Note that the figshare download is an archive (.zip) file that rudely explodes all of the files into your current directory.
See this slide deck as a sample intro for the lesson: SQL Intro Deck
Key points:
- Want to query data, instead of editing directly
- Need a solution that is scalable and reproducible
- Introduce the typical ways of dealing with rectangular data (subsetting, split-apply-combine)
If you've written up a diagram of the data analysis pipeline (raw data -> clean data -> import and analyze -> results -> visualization), it can be helpful to identify that you're now somewhere between clean data and analysis.
- Making the leap from a research question to a query (seen in some of the challenges)
- Data import
- Not necessarily a concept, but we always have at least a handful of people that struggle with the table import step -- especially in the virtual context with window changing
- Data type options in SQLite (Integer, text, blob, real, numeric) when importing from CSV. (Maybe have a table of SQLite date types in the student material).
- Good to make sure that a comparison is drawn between joins in different languages, e.g. SQL vs tidyverse
- HAVING, and why it's different to WHERE.... - especially when teaching online
- given the dataset is relatively complex, some students (and instructors) find it difficult to remember what data is where, especially when they're from a totally different domain
- How NULLs behave in different circumstances (when did a NULL change your result and how do you know?)
- Introduce relational databases, database management systems, DB Browser for SQLite, and the Portal dataset
- Import .csv files into sqlite
- Structuring data for database import
- Discuss the different SQL data types
Tips
- Importing data: Note how cleanly the csv files import into SQL. If you have also taught the spreadsheet lesson, it would be a good idea to compare the format of the csv files with the messy spreadsheet and ask "Remember that messy spreadsheet? What would have happened if we tried to load that in to SQL?"

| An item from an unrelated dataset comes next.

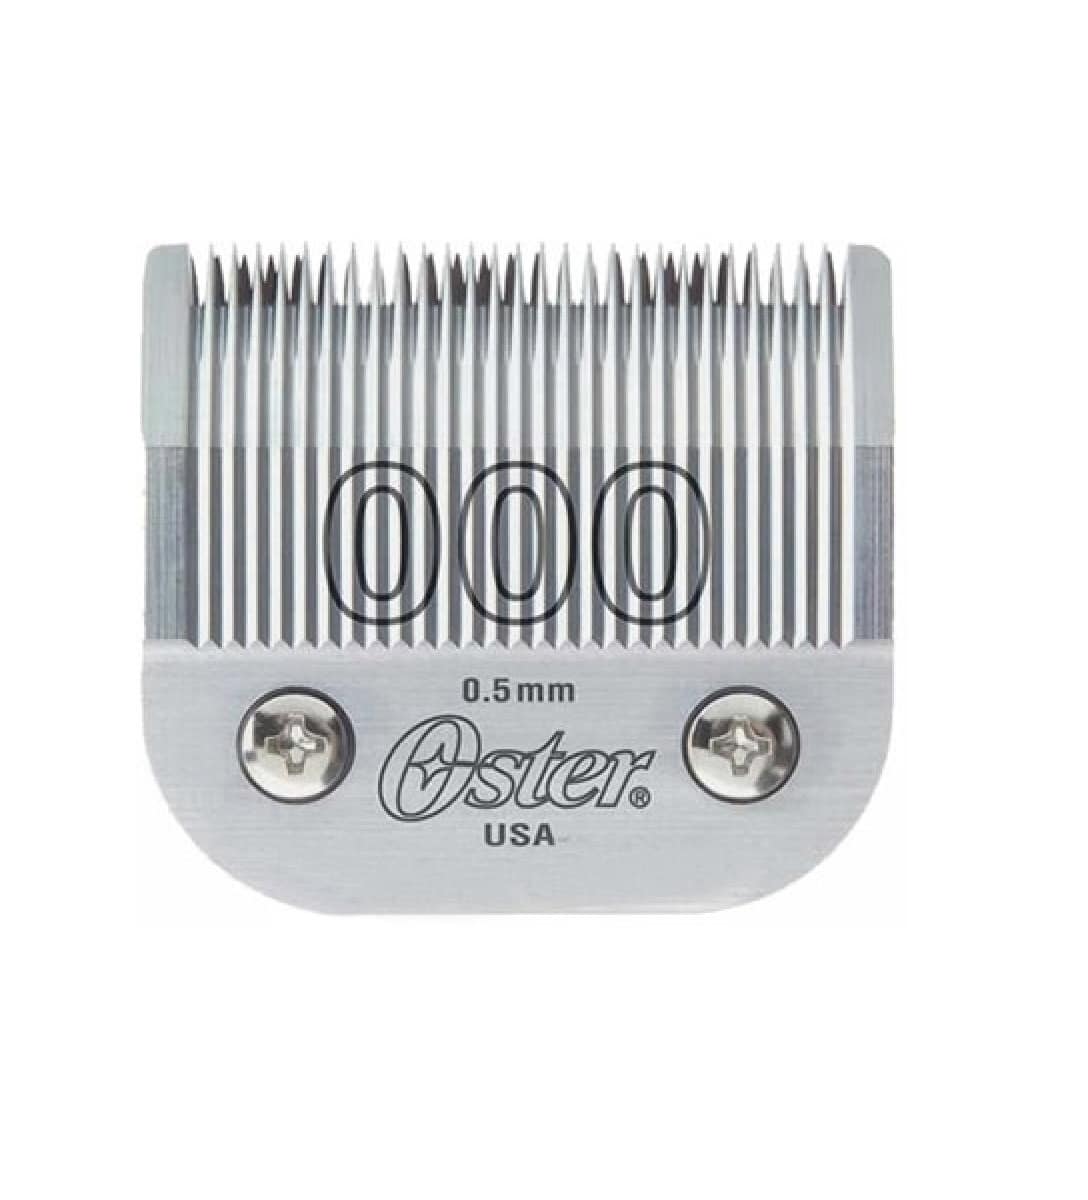 Oster 76 AgION Blade Size 000 #76918-026 - Barber supplies

(optional) The first lesson includes a brief introduction to data design and choosing database systems. This material expands on the database design in the first section.
- Write basic queries using SELECT and FROM
- Filter results using DISTINCT, WHERE
- Change how results are displayed using ORDER BY and by doing calculations on results
- Combine results using COUNT and GROUP BY
- Filtering based on aggregation with HAVING
- Saving queries using VIEW
- combining data from two tables using JOIN, ON, USING
- depending on time, could introduce different types of JOINs
- using aliases with AS to simplify queries
As you teach the lesson, it can be helpful to pause and write up the query keywords on the board. This could look like this:
- After 01-sql-basic queries
SELECT column
FUNCTION(column)
FROM table
WHERE (conditional statement, applies to row values)
(AND/OR)
ORDER BY column/FUNCTION(column) (ASC/DESC)

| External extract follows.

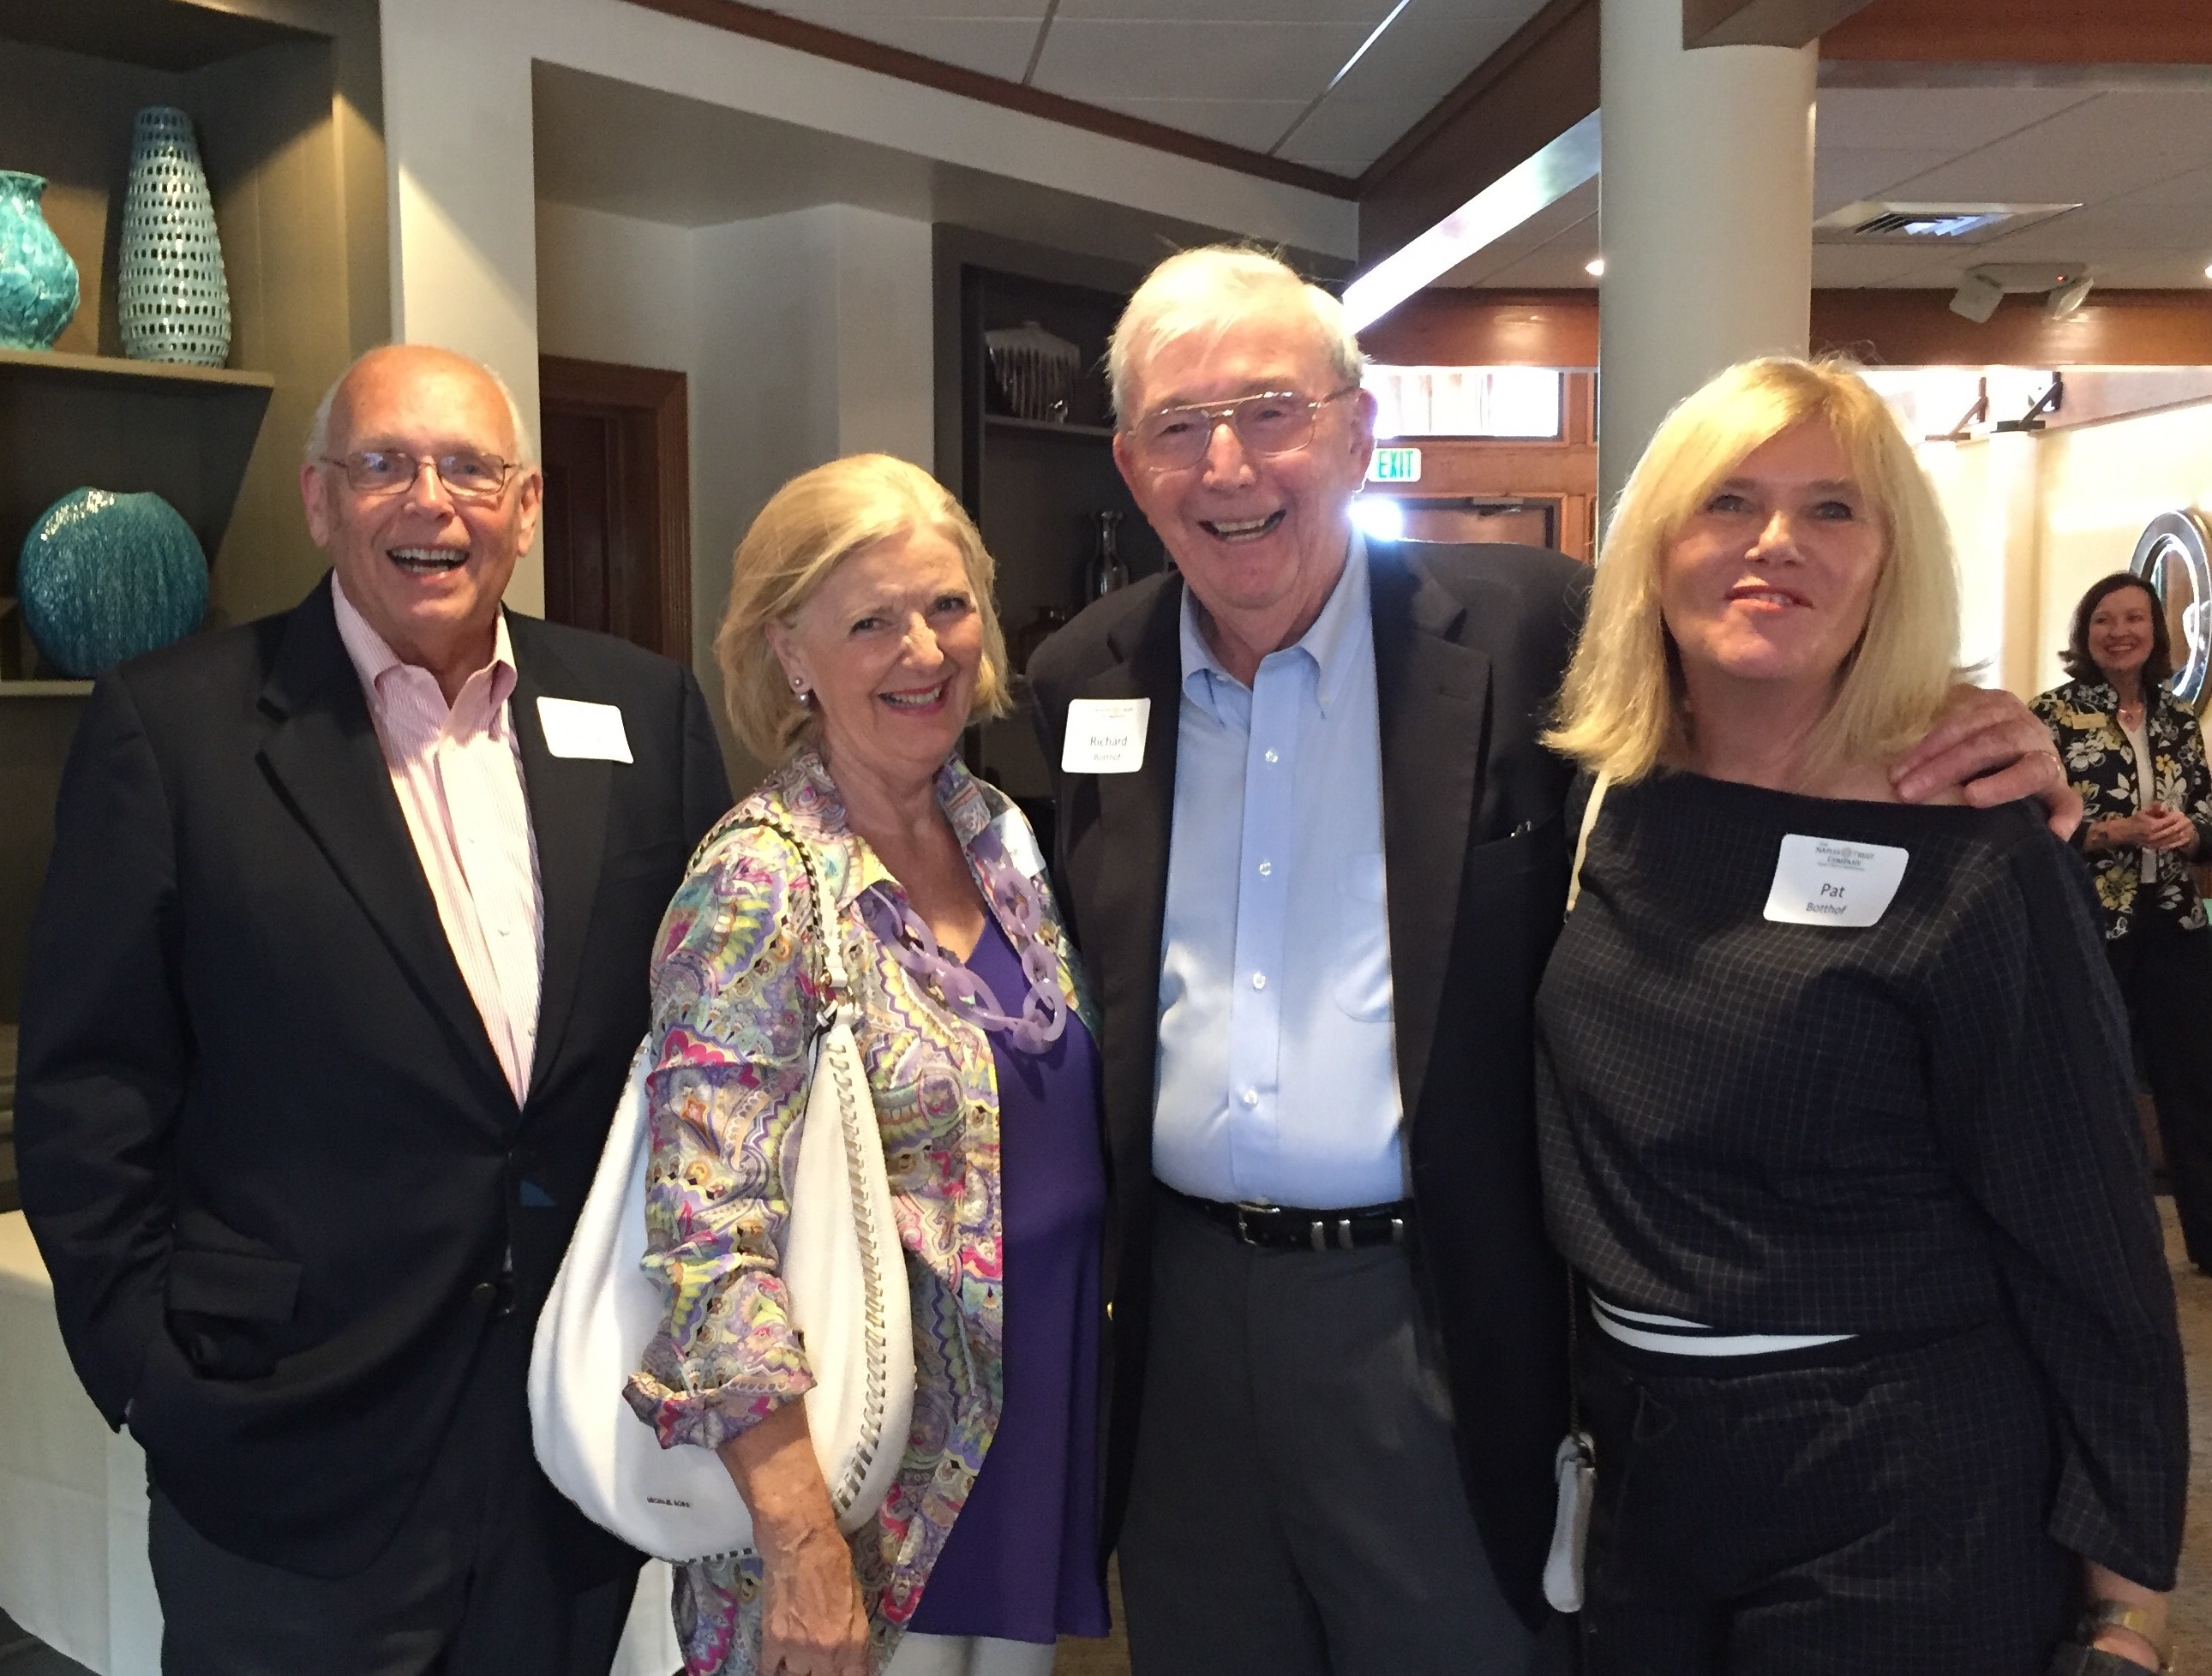 Terry and Christine Flynn with The Naples Trust Company board member emeritus, Dick Botthof and wife, Pat

- After 02-sql-aggregation
SELECT column
FUNCTION(column)
AGGREGATE_FUNCTION(column)
FROM table
WHERE (conditional statement, applies to row values)
(AND/OR)
(IS (NOT) NULL)
GROUP BY column
HAVING (conditional statement, applies to group)

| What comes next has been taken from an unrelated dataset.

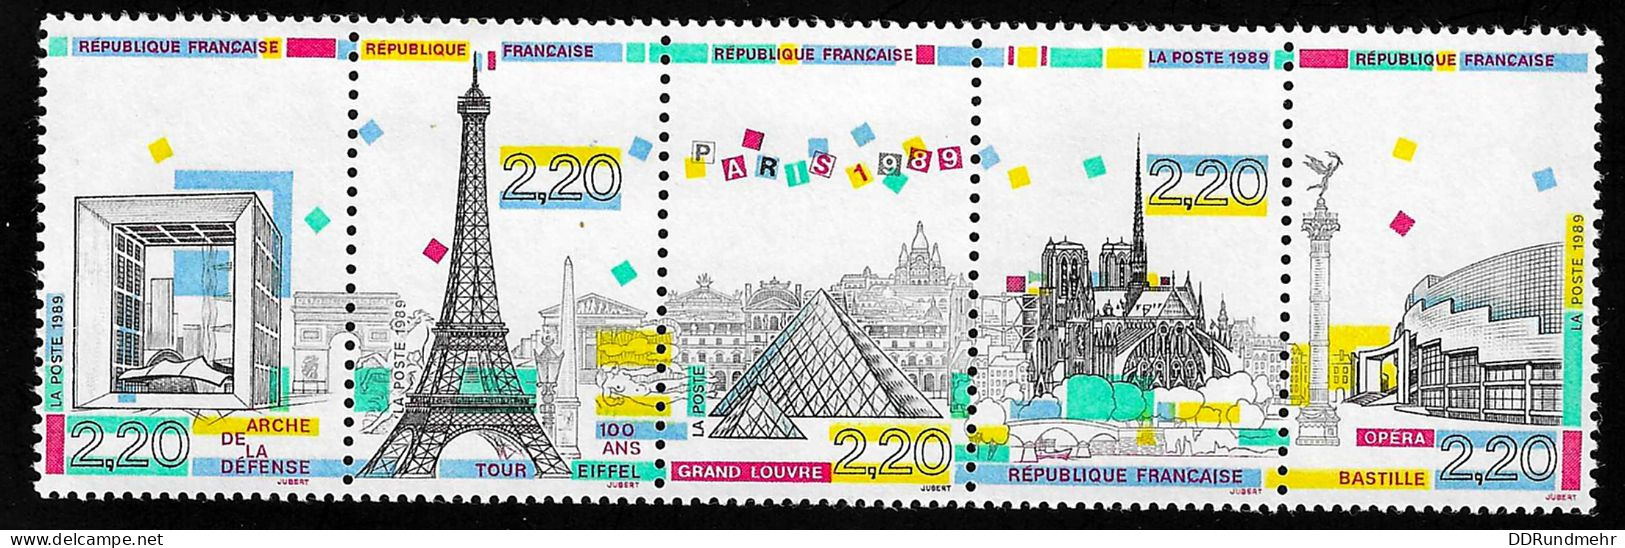 1989 Panorama Of Paris  Yvert Et Tellier FR BC2583A Michel FR 2710-2714 Stamp Number FR 2151a Xx MNH - Unused Stamps

ORDER BY column/FUNCTION(column) (ASC/DESC)
- After 03-sql-joins-aliases
SELECT column
FUNCTION(column)
AGGREGATE_FUNCTION(column)
FROM table
JOIN table ON table.col = table.col
WHERE (conditional statement, applies to row values)
(AND/OR)
(IS (NOT) NULL)
GROUP BY column
HAVING (conditional statement, applies to group)
ORDER BY column/FUNCTION(column) (ASC/DESC)
As a bonus, if you can leave this on the board, it translates nicely into
the dplyr
portion of the R
lesson, i.e.:
SQL: dplyr:
SELECT column select(col)
FUNCTION(column) mutate(col = fcn(col))
AGGREGATE_FUNCTION(column) summarize(col = fcn(col))
FROM table
JOIN table ON table.col = table.col
WHERE (conditional statement, applies to row values) filter(condition)
(AND/OR)
(IS (NOT) NULL) is.na()
GROUP BY column group_by(col)
HAVING (conditional statement, applies to group)
ORDER BY column/FUNCTION(column) (ASC/DESC) arrange()
If you want to try something more active (esp. if you're teaching SQL in the afternoon!), this is a an interactive activity to try.
- Give each student six cards. Four of the cards should have the following labels:
- name
- height
- dept
- DoC
- The remaining two cards should be blank (for now!)
- Have students fill out their cards:
- name: first name
- height: height in INCHES
- dept: department (if none, just pick one)
- DoC: choose from
Dog
,Cat
,Both
,Neither
, or leave blank
- Each student is now a record in an interactive "students" database, where each of the cards they hold is a field in that database.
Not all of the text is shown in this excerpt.